Thanks for sharing your experience.

The migrations technique looks extremely promising (and familiar :-) ...

http://doctrine.pengus.net/index.php/documentation/manual?chapter=migration

- Jon

On Nov 20, 2007, at 7:42 AM, Paul Houle wrote:

  I just finished a small project with symfony at

http://spoonriveranthology.net/

There are a lot of cool things about the site, such as a drag and drop editor for relationships between people, that are in an administrative interface that you can't see.

Overall I like the symfony approach to things: I've got slightly different opinions about how to configure multiple site instances, but it's easy to reconcile my ideas with symfony's.
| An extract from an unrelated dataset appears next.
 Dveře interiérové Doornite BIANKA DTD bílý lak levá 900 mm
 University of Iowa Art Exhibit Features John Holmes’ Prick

I don't care for Propel ORM much -- in particular, Propel doesn't have good mechanisms for managing schema changes... Everything works OK if you never change your schema, but adding a plug-in after you've got data in your database may trash your database if you follow the instructions. I do like the idea, however, of putting my own methods on the ORM-generated classes. It can be a nice way to organize code.

Doctrine ORM , however, looks like a dream. My next symfony project will use Doctrine, even though that means fewer plugins and builders will be available.

Symfony's documentation is better than other PHP frameworks, but it's still in a place where I needed to look at the source code often to understand how things ~really~ work. That's unfortunate, because many of the people who need frameworks the most are people who'd be intimidated by the work to make them work.